I think your best bet is to maximize your current GPA, and take Physics as
an undergraduate. Always take a full credit load, and make a serious effort
to make A's in Orgo two and in Physics. As far as your plan to spend 7
months preparing for the MCAT--that sounds like a good plan--any score above
30 will give you a fighting chance for M.D. and a great shot for D.O.


> Hi Rich I am not sure if you are still answering these medical school question
> emails but in case you are, i will give this a shot.

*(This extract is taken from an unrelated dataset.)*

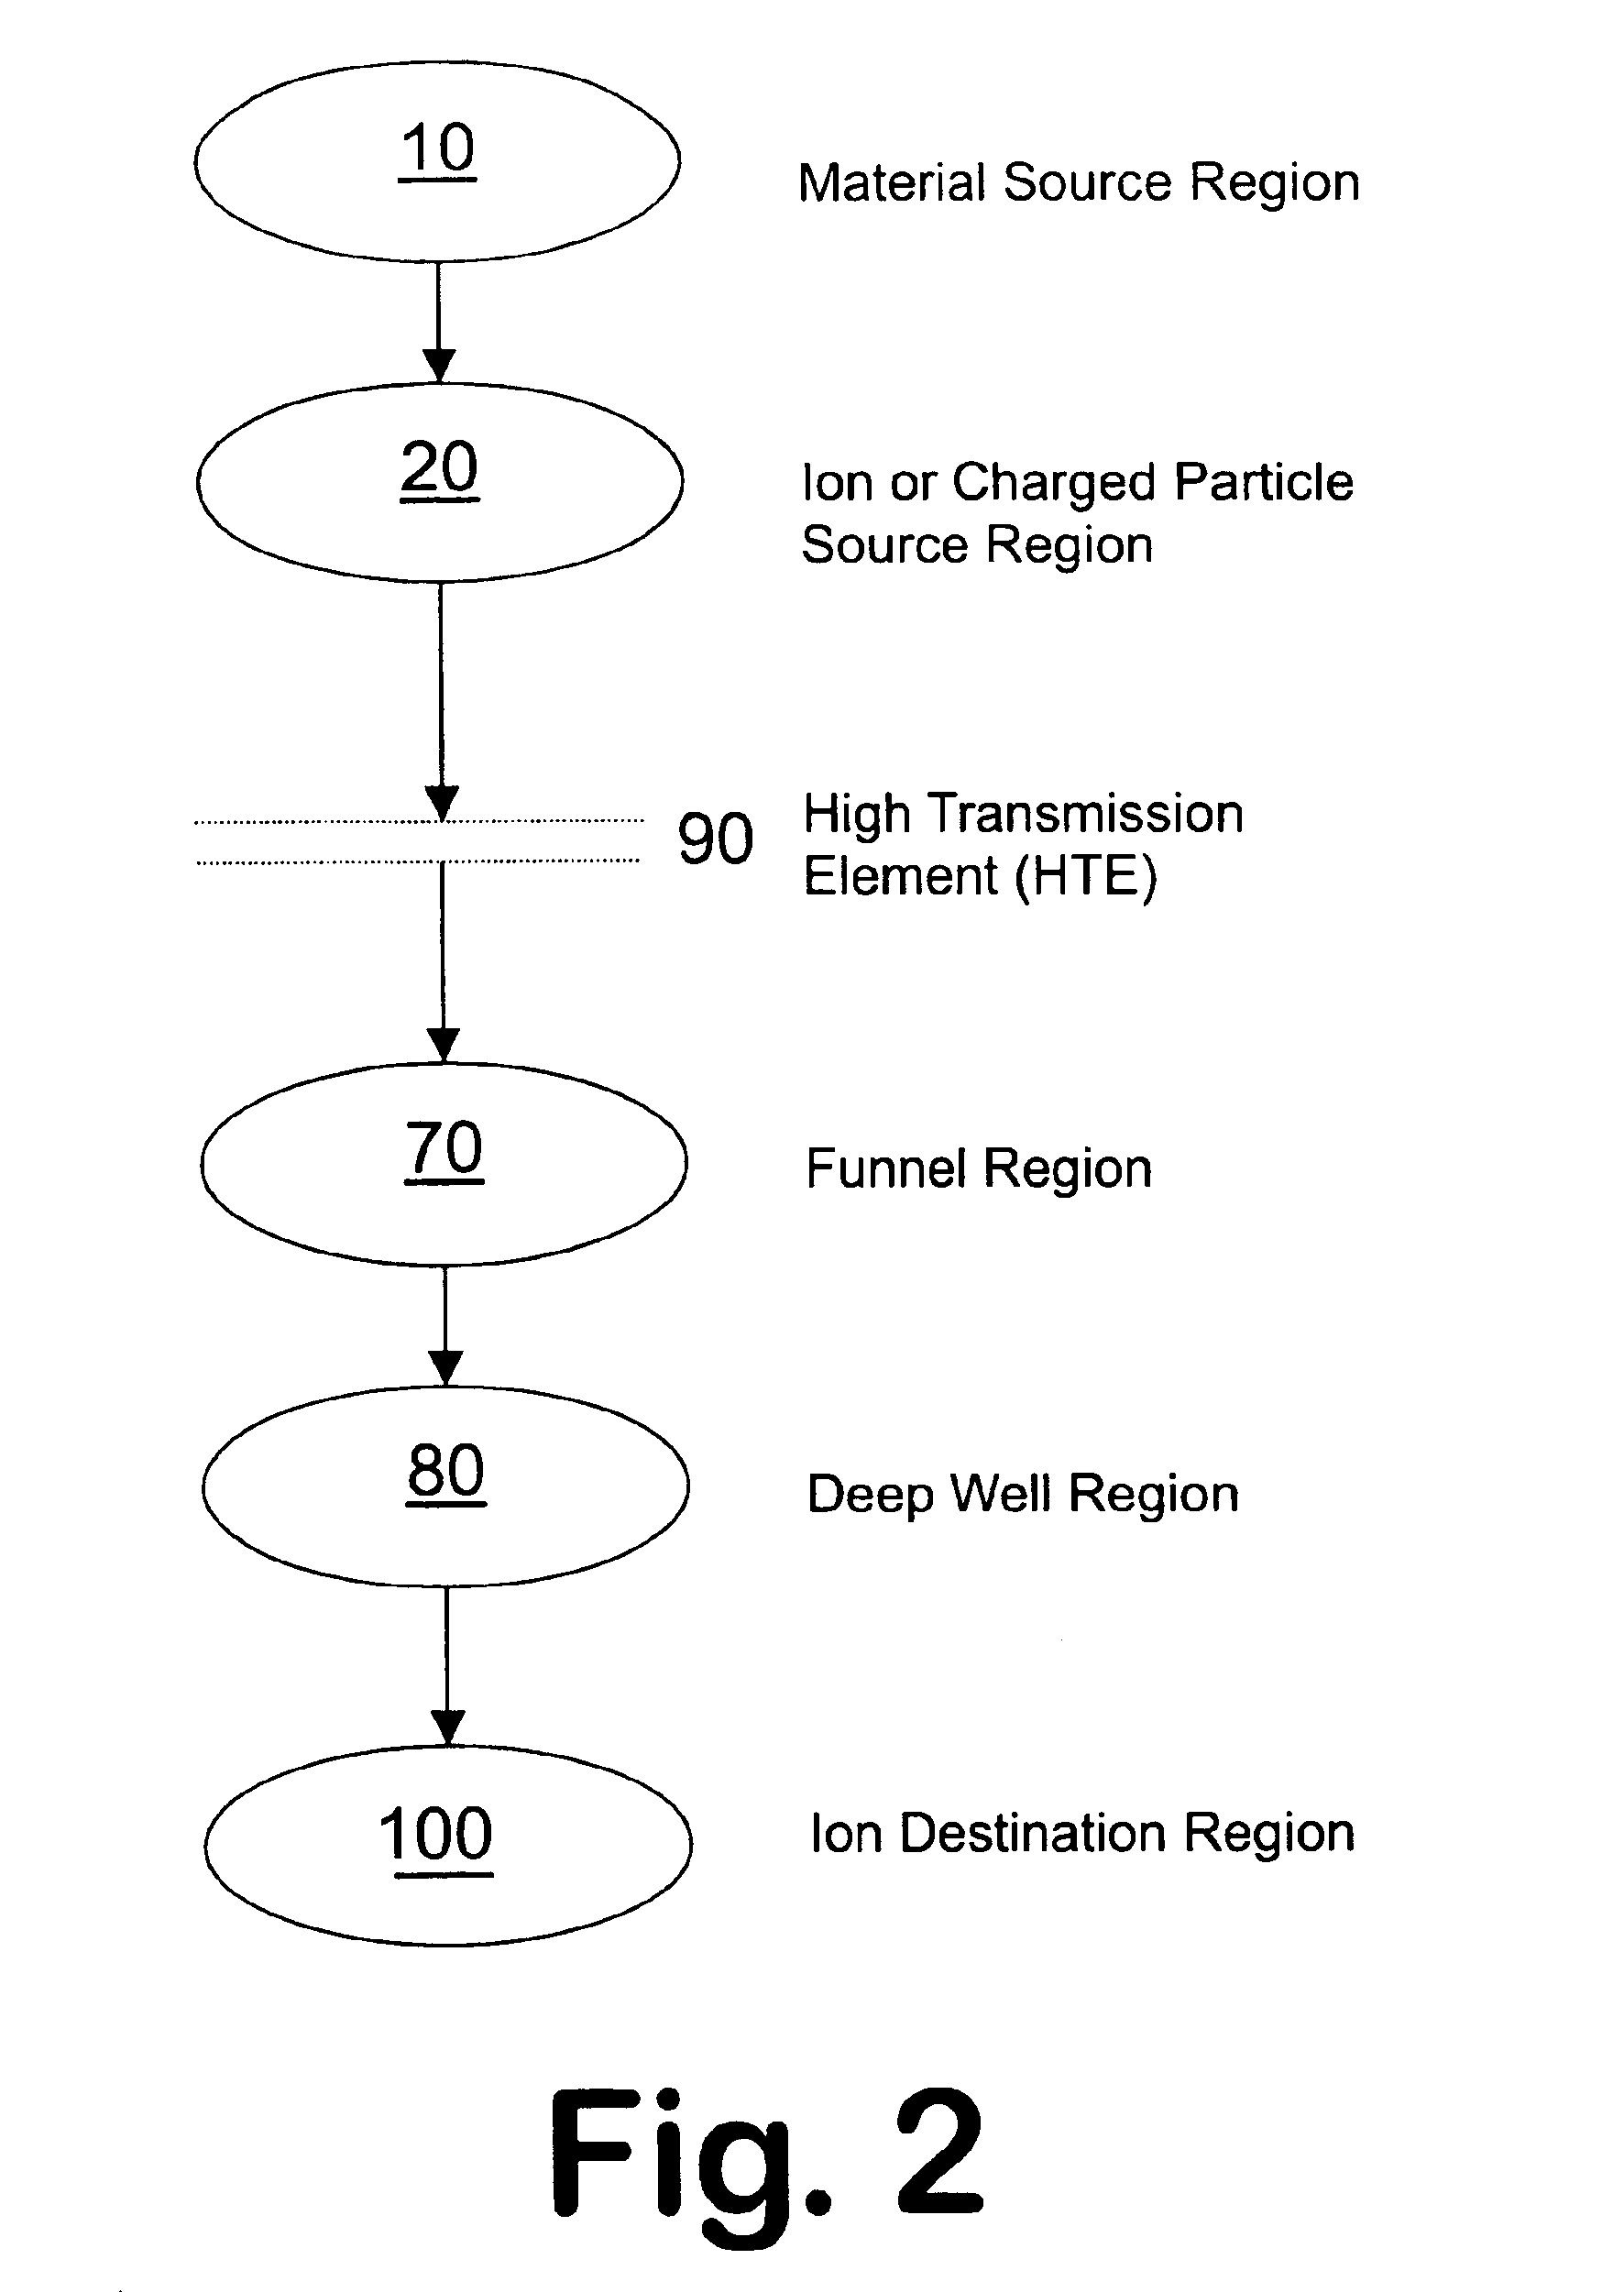 Ion and charged particle source for production of thin films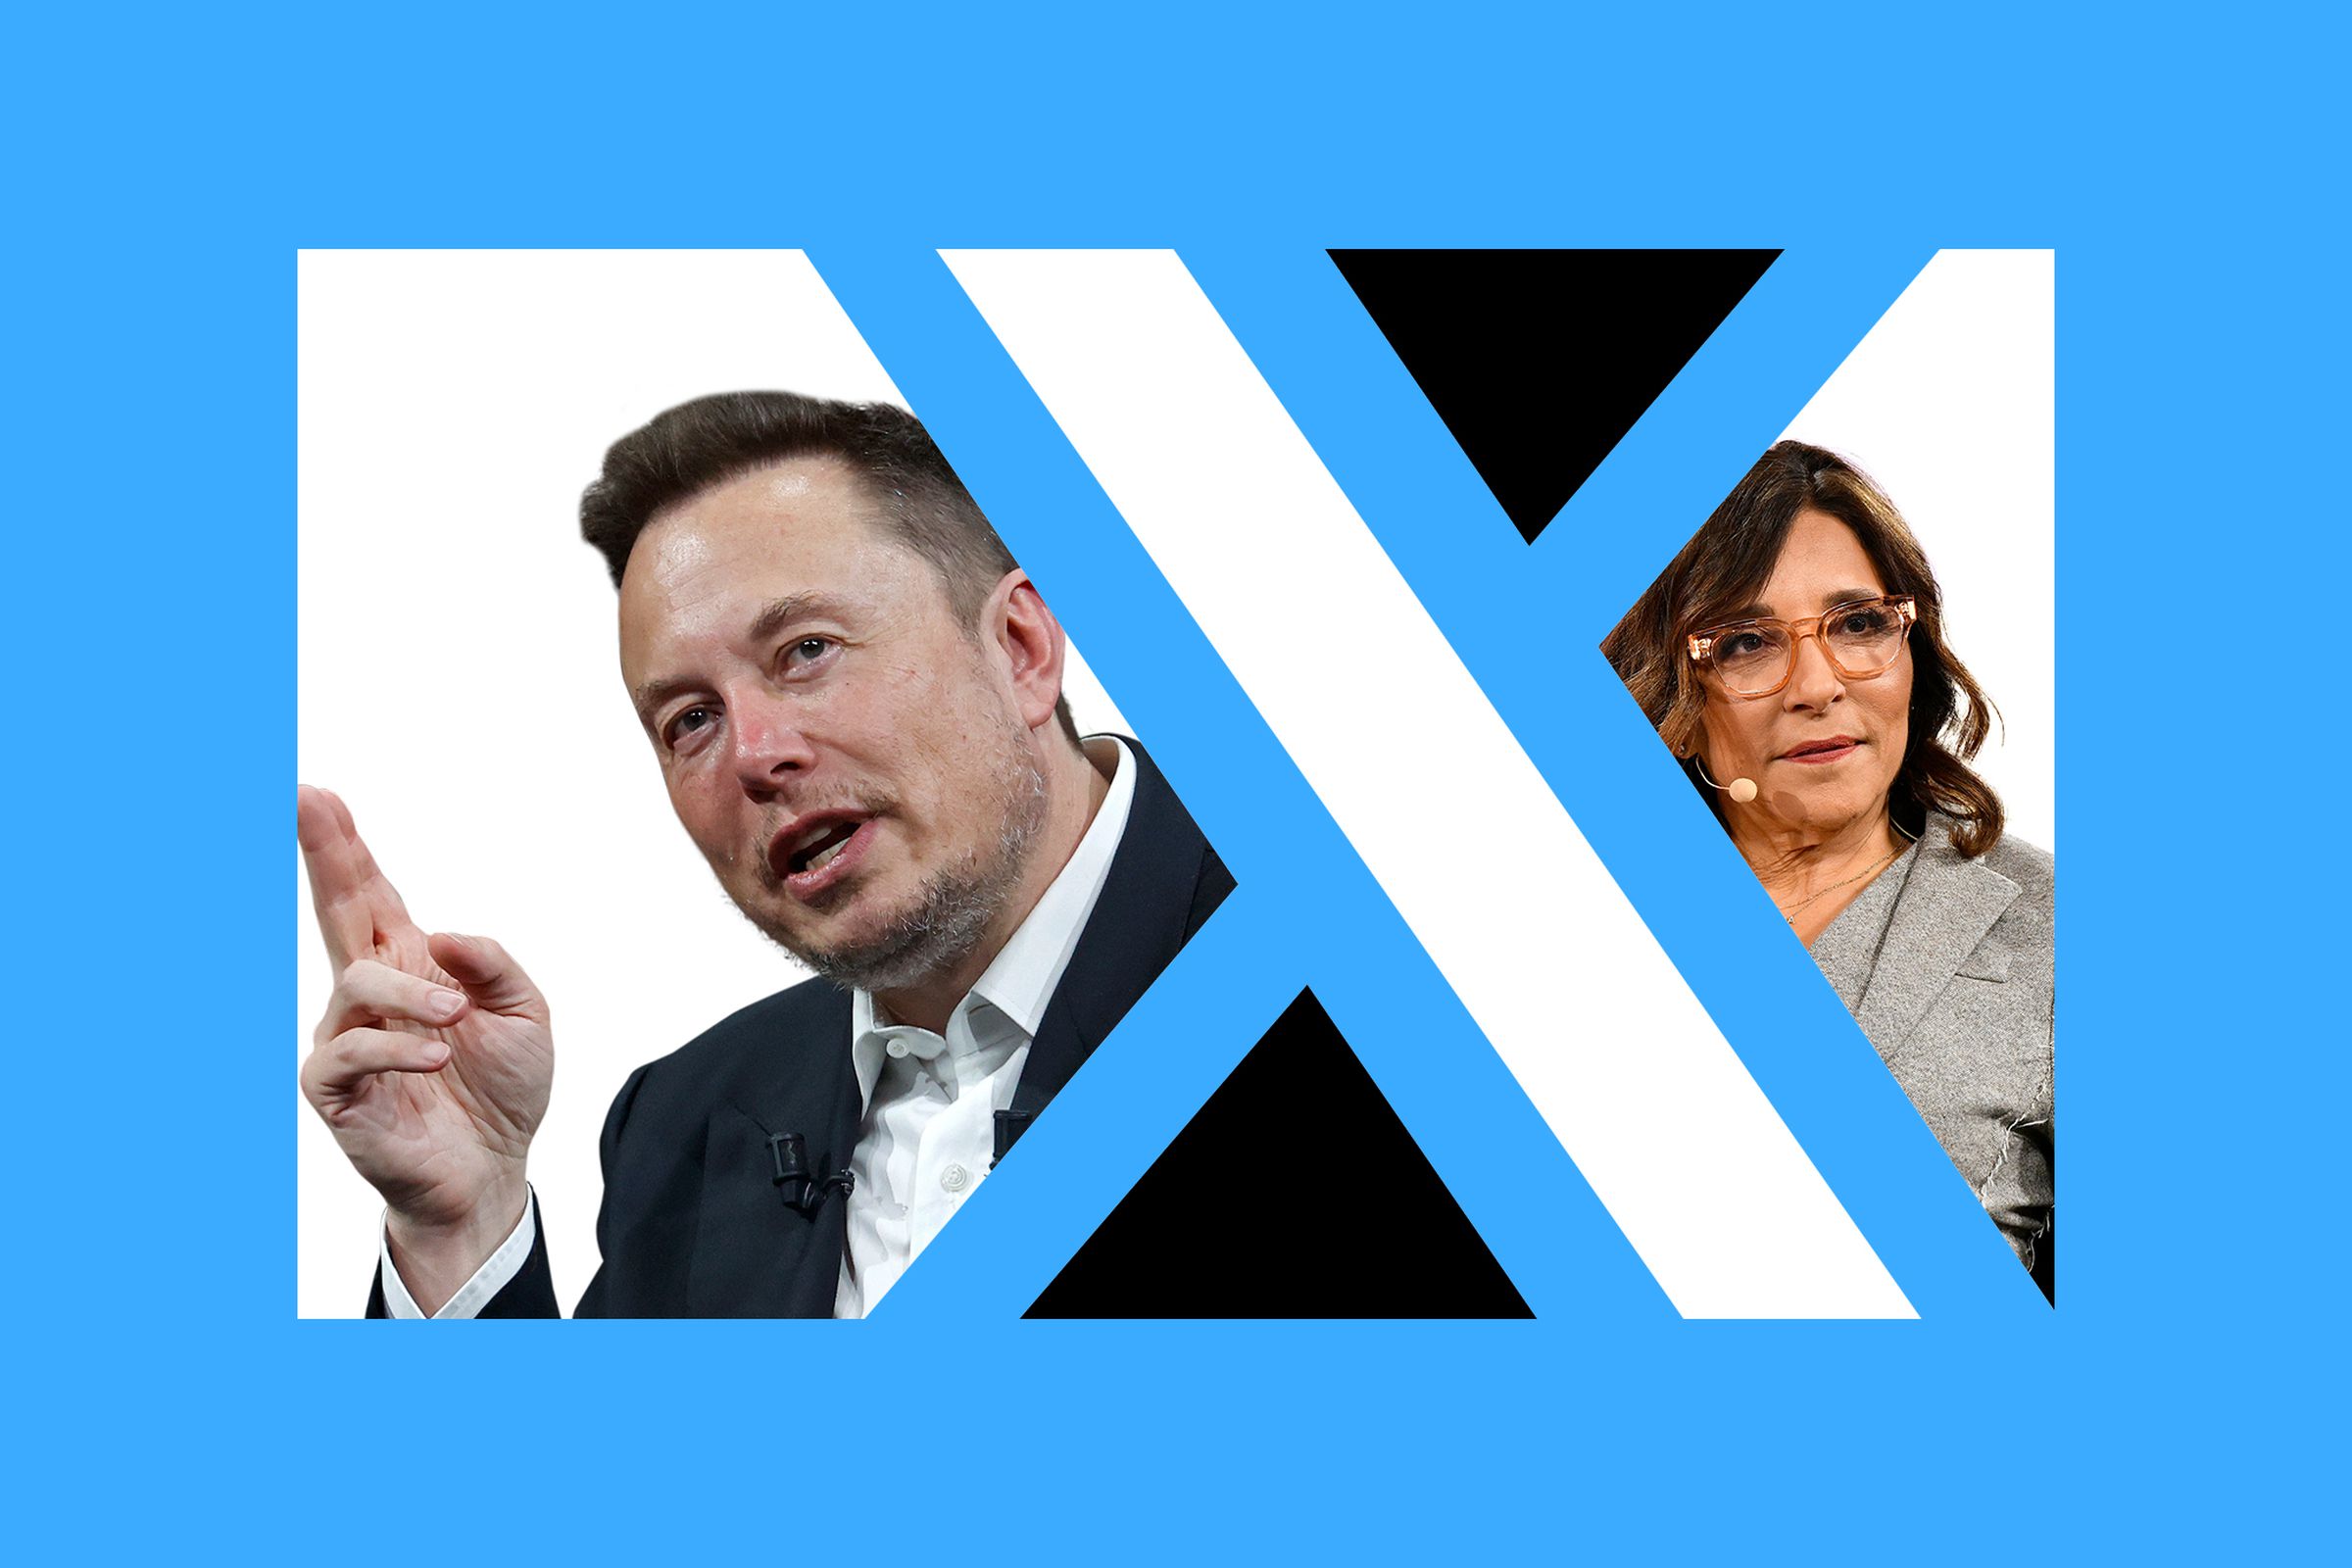 Graphic photo illustration of Elon Musk and Linda Yaccarino in the negative space around the X logo.

To be honest i feel i am
> not in the greatest of situations. My first three semesters at school were a
> joke, i just figured everything would come to my naturally without real
> studying like it did in high school. I graduated in the top 2 percent of my
> class and had 1400 SAT score. Anyhow, my third semester i did something that
> i am quite ashamed off. I altered an exam and handed it back in for a regrade
> an got busted as I believe I well deserved it. I was given an unforgivable F
> in the class, sadly it happend to be ochem 1. I retook the class and received
> an A the following summer. Now, i am not proud of what i did, not do i plan
> on repeating it anytime soon, however, it did teach me something about myself
> and life. IT also set me straight with taking school seriously. Since then
> (next 3 semesters) i have maintained a 4.0 average in all the upper level bio
> courses and organic 2. This F however brought my GPA down significantly and
> doesnt actually show my real academic abilities in school. THe problem though
> is that itook the MCAT twice and receved V-9 B-9 P-8 and then V-9 B-8 P-9 (not
> proud of them)... i realized i didnt study much for either exam and regret
> this. THe average MCAT reported by my school whcich is a state school is a
> 29, however i have seen ppl get in with 24s unbelievably, actually i have seen
> no 29s yet, mainly 25 and 26s. WEll after this LONG story, what i want to ask
> you is how do you think the medical committee will perceive what i have done
> (meaning the F). And i am guaranteed an interview, so how would i go about
> explaining the situation to them. The cheating thing, its not me at all, but
> i need to somehow escape this shadow that is looming overhead. Any advise
> would be appreciated. Thanks

------ reply 7/27/00


The best bet is to be honest, express your regret over your past actions,
and mention your current more mature moral views. I am sure if you leave it
at this and do not let yourself be provoked into an extended apology, than
this will be a relatively minor problem. On the other hand, if you try too
hard to explain away this matter you could cause yourself more harm than
good. Deal with this matter as if it is something you take FULL
responsibility for, and one that is completely in the past.